»»

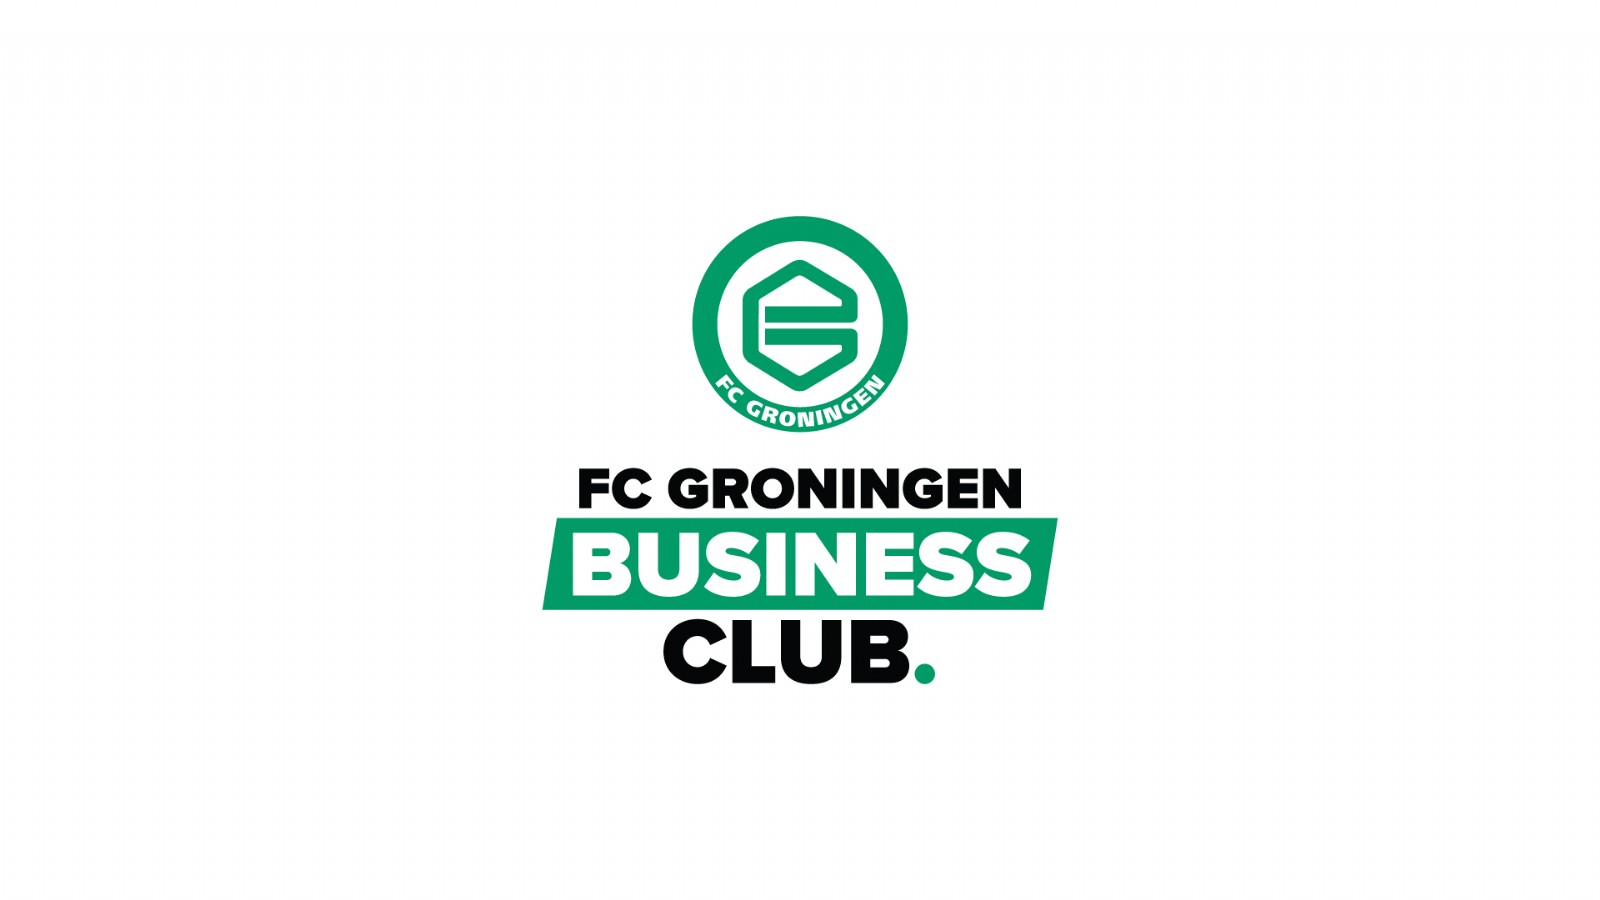 FCG-Business-Club-Logo-1080x1920
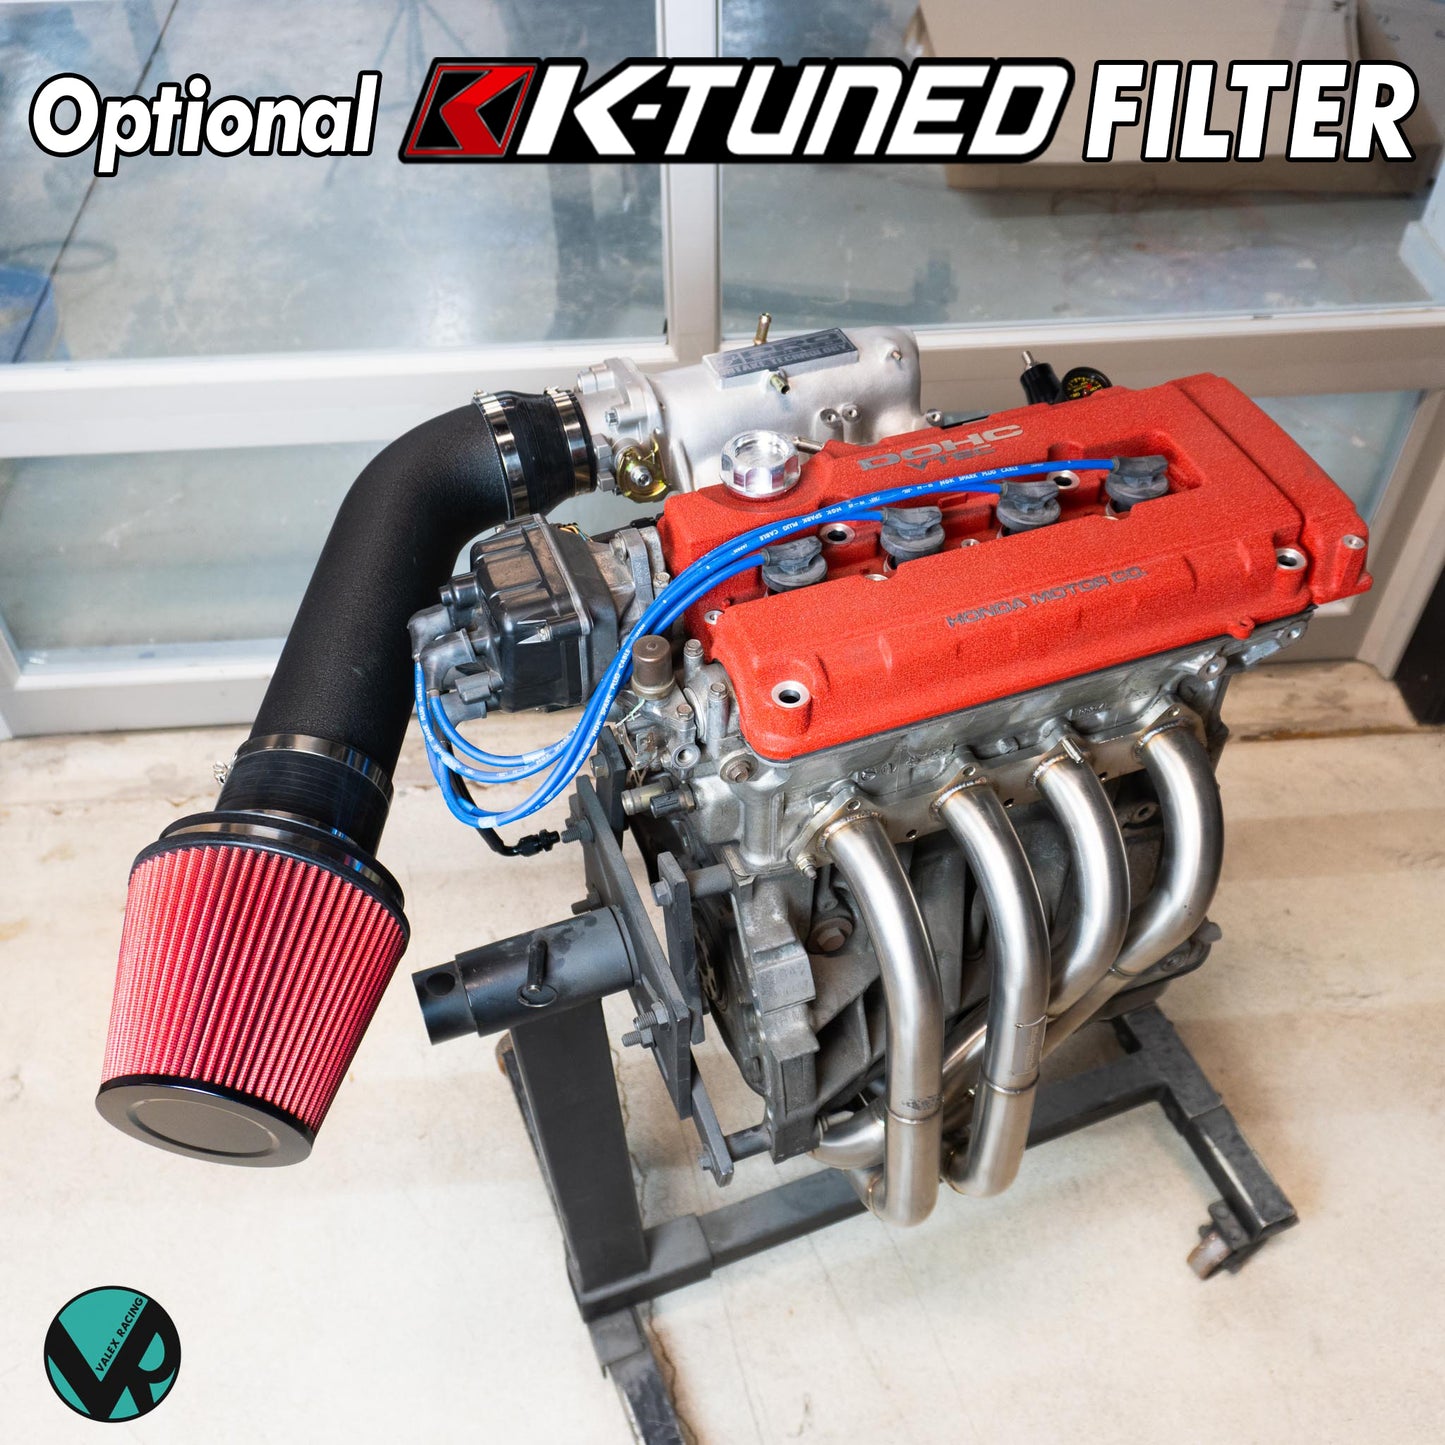 4" Inch Race Air Intake & Filter OPTIONAL K-Tuned Filter fits Honda Civic & Integra All B, D, H, Series
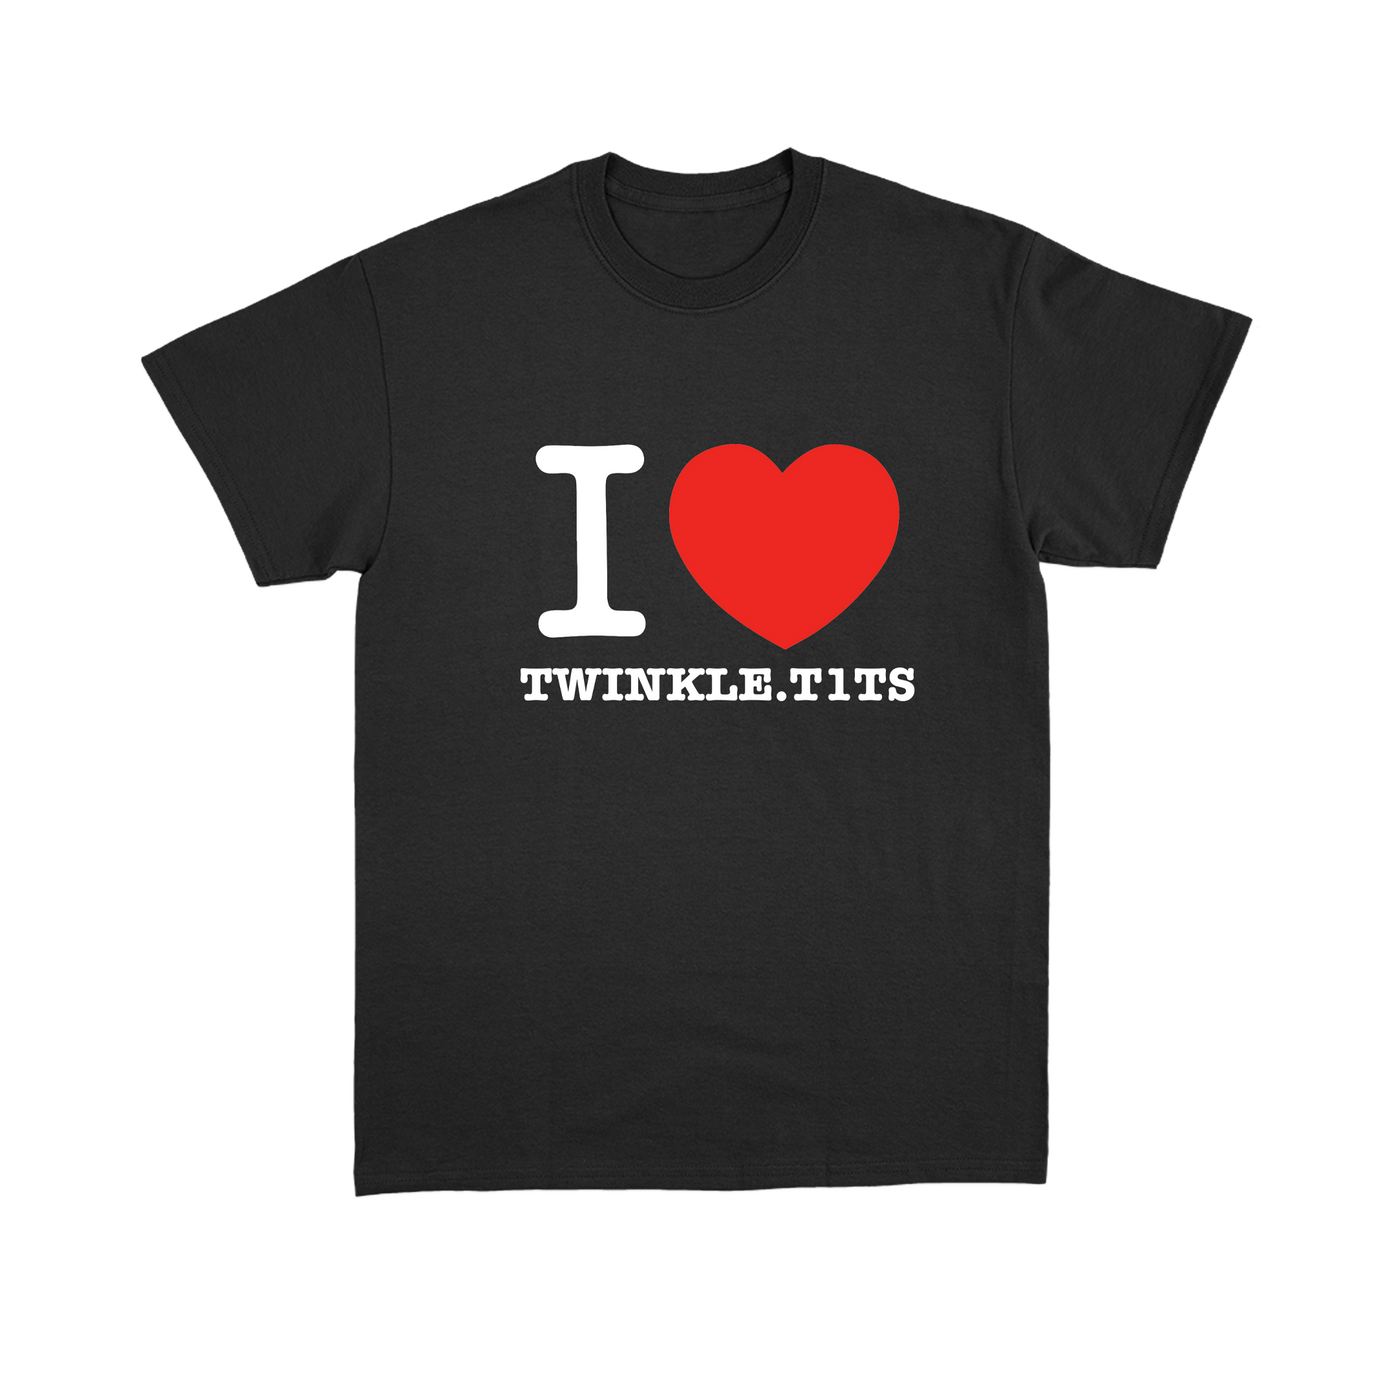 I Love Twinkle.T1ts Tee
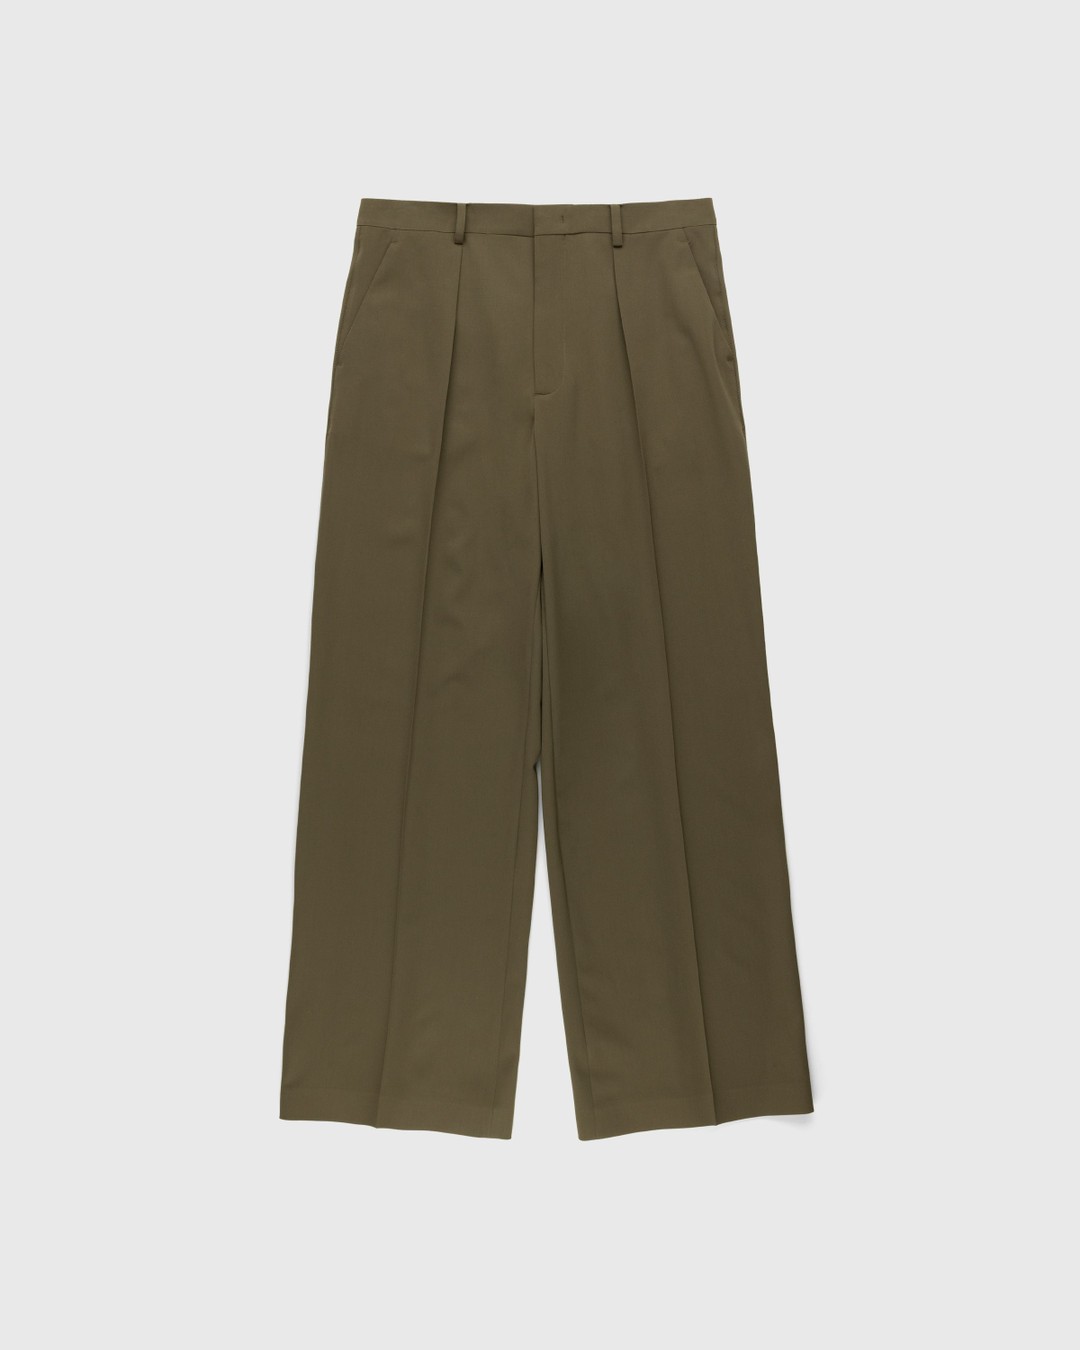 Jean Paul Gaultier – Classic Woven Trouser Khaki - Pants - Brown - Image 1
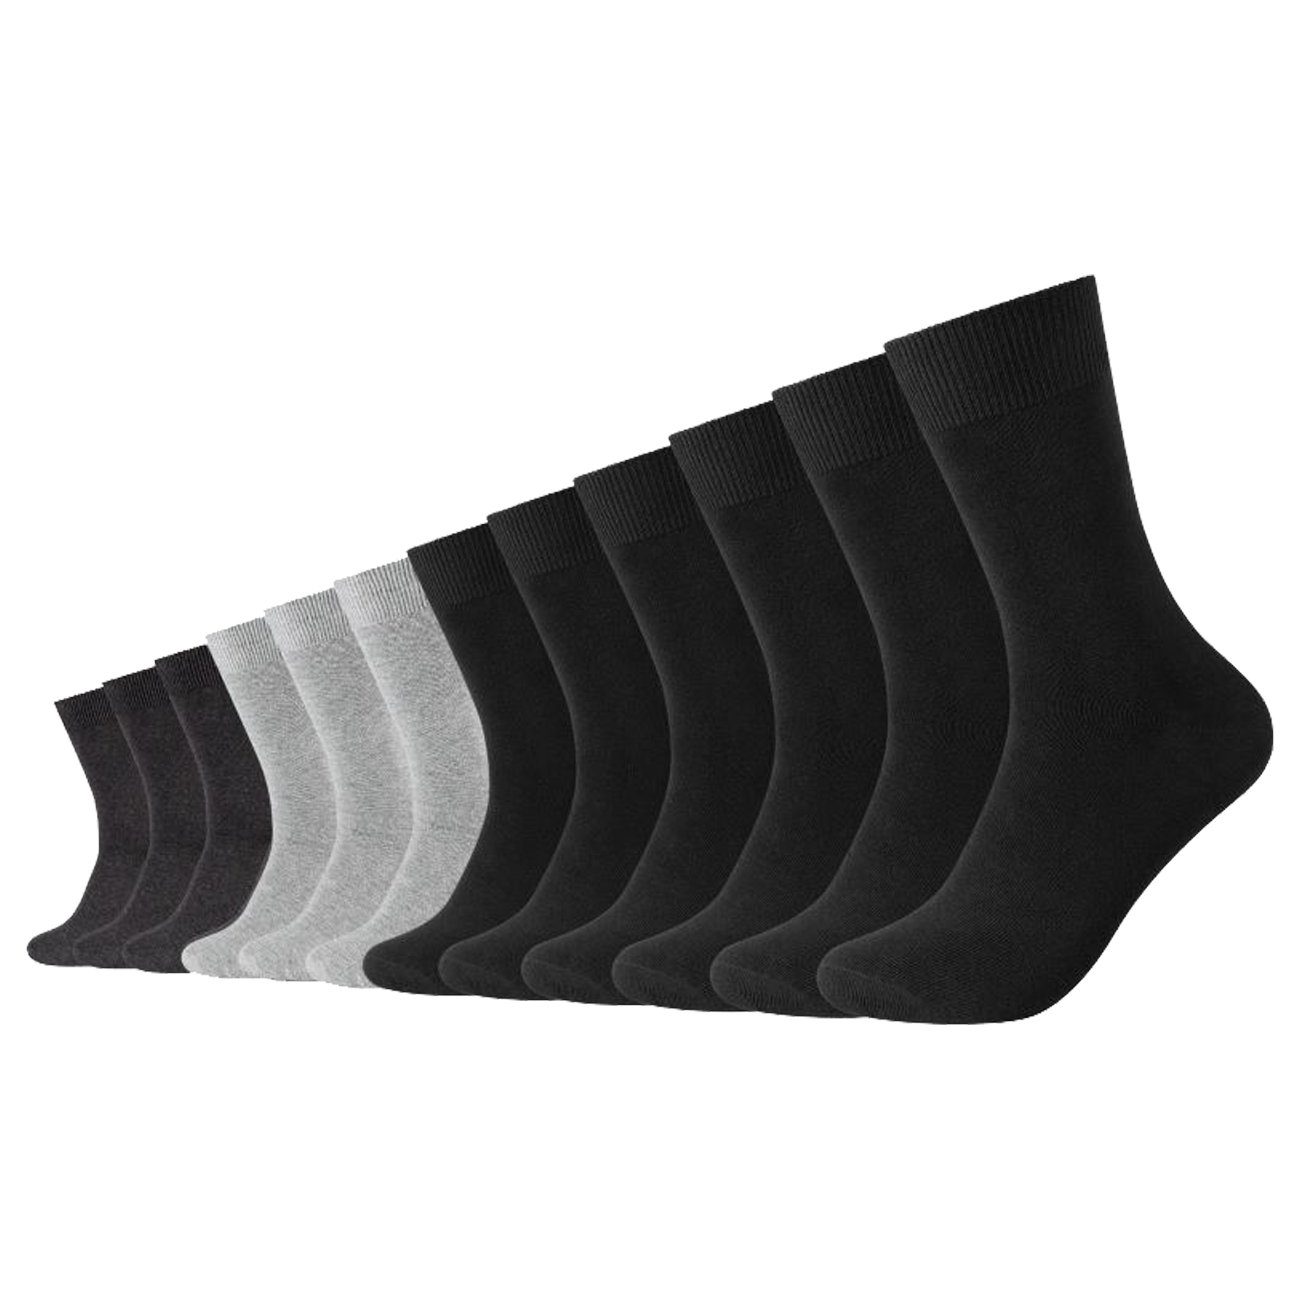 Camano Langsocken Unisex Socken Comfort Cotton Crew (12-Paar) Regularsocken aus pflegeleichter Baumwollmischung Black Mix (9997)

««

■ What you will do ■
Each record above needs to be retyped exactly, without any pictures.

■ Answer to the problem ■
 FCG-Business-Club-Logo-1080x1920
 4" Inch Race Air Intake & Filter OPTIONAL K-Tuned Filter fits Honda Civic & Integra All B, D, H, Series
 I Love Twinkle.T1ts Tee
 Jean Paul Gaultier – Classic Woven Trouser Khaki - Pants - Brown - Image 1
 Camano Langsocken Unisex Socken Comfort Cotton Crew (12-Paar) Regularsocken aus pflegeleichter Baumwollmischung Black Mix (9997)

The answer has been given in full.